What you are asked to do | The pictures stay out; all of the data is to be printed exactly.

Material provided |
━━━━━━

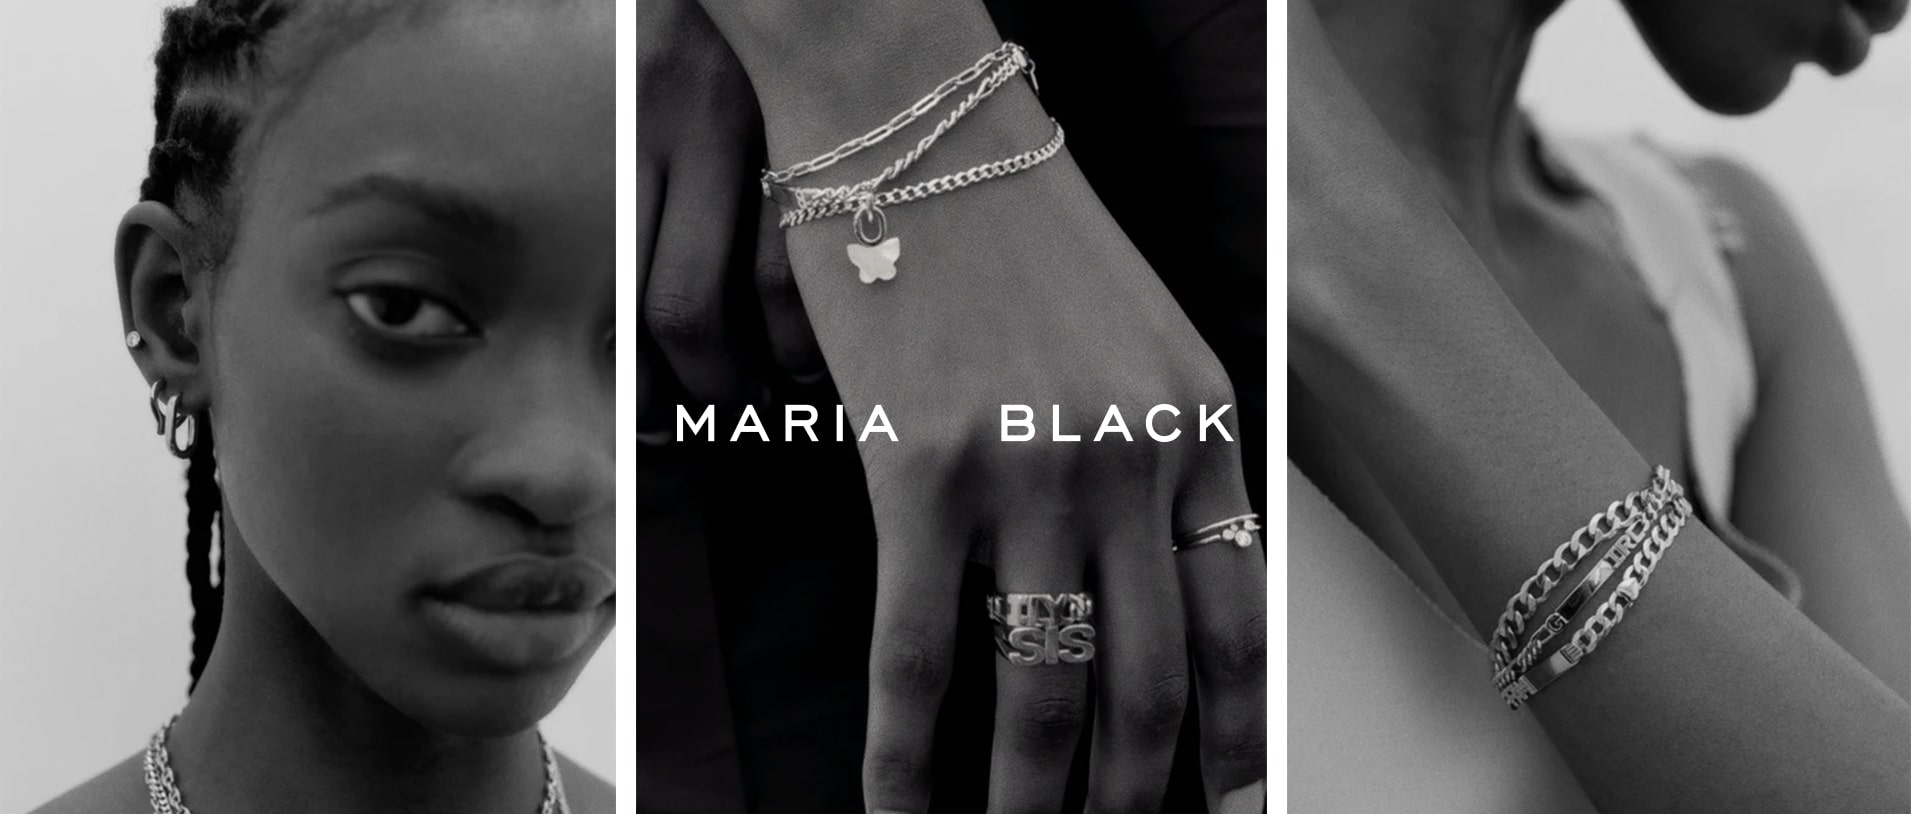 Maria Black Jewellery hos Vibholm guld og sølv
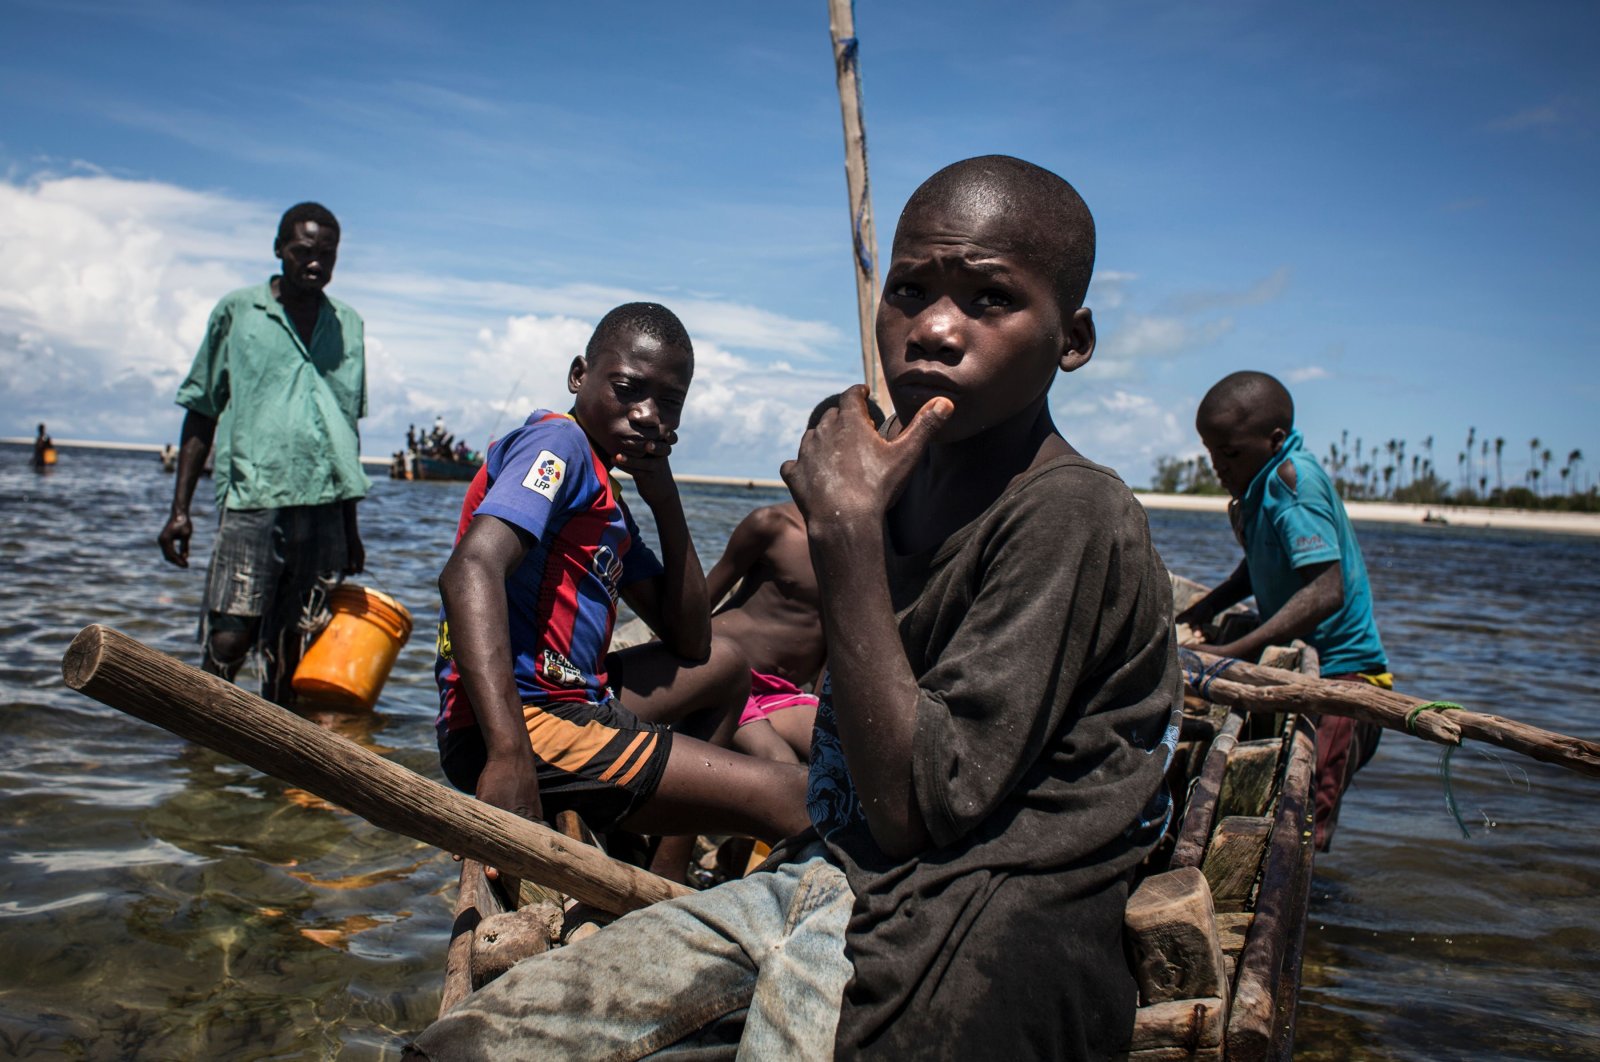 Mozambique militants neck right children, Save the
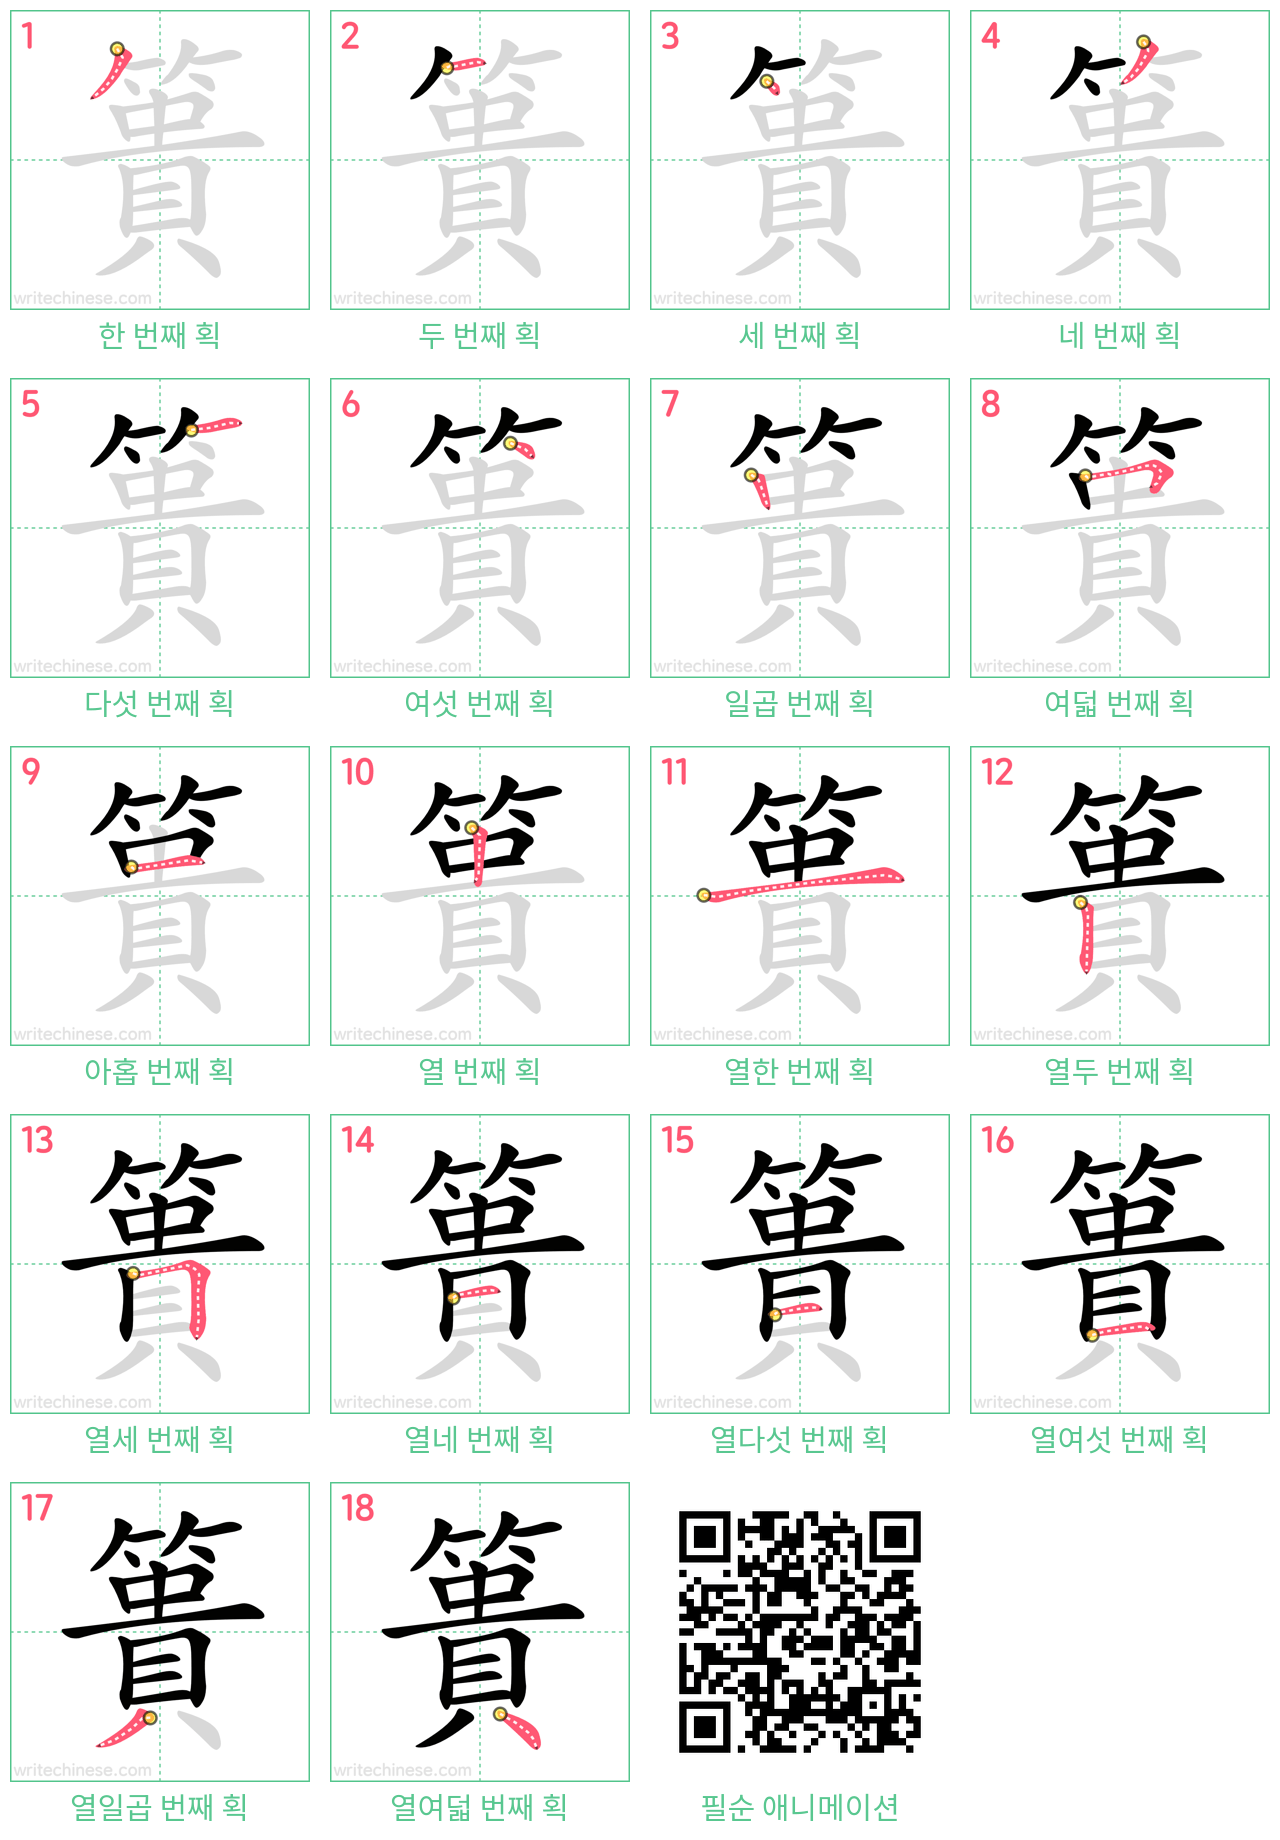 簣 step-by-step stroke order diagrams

━━━━━━

Solved problem |
 Maria Black Jewellery hos Vibholm guld og sølv
 Mozambique militants neck right children, Save the
 簣 step-by-step stroke order diagrams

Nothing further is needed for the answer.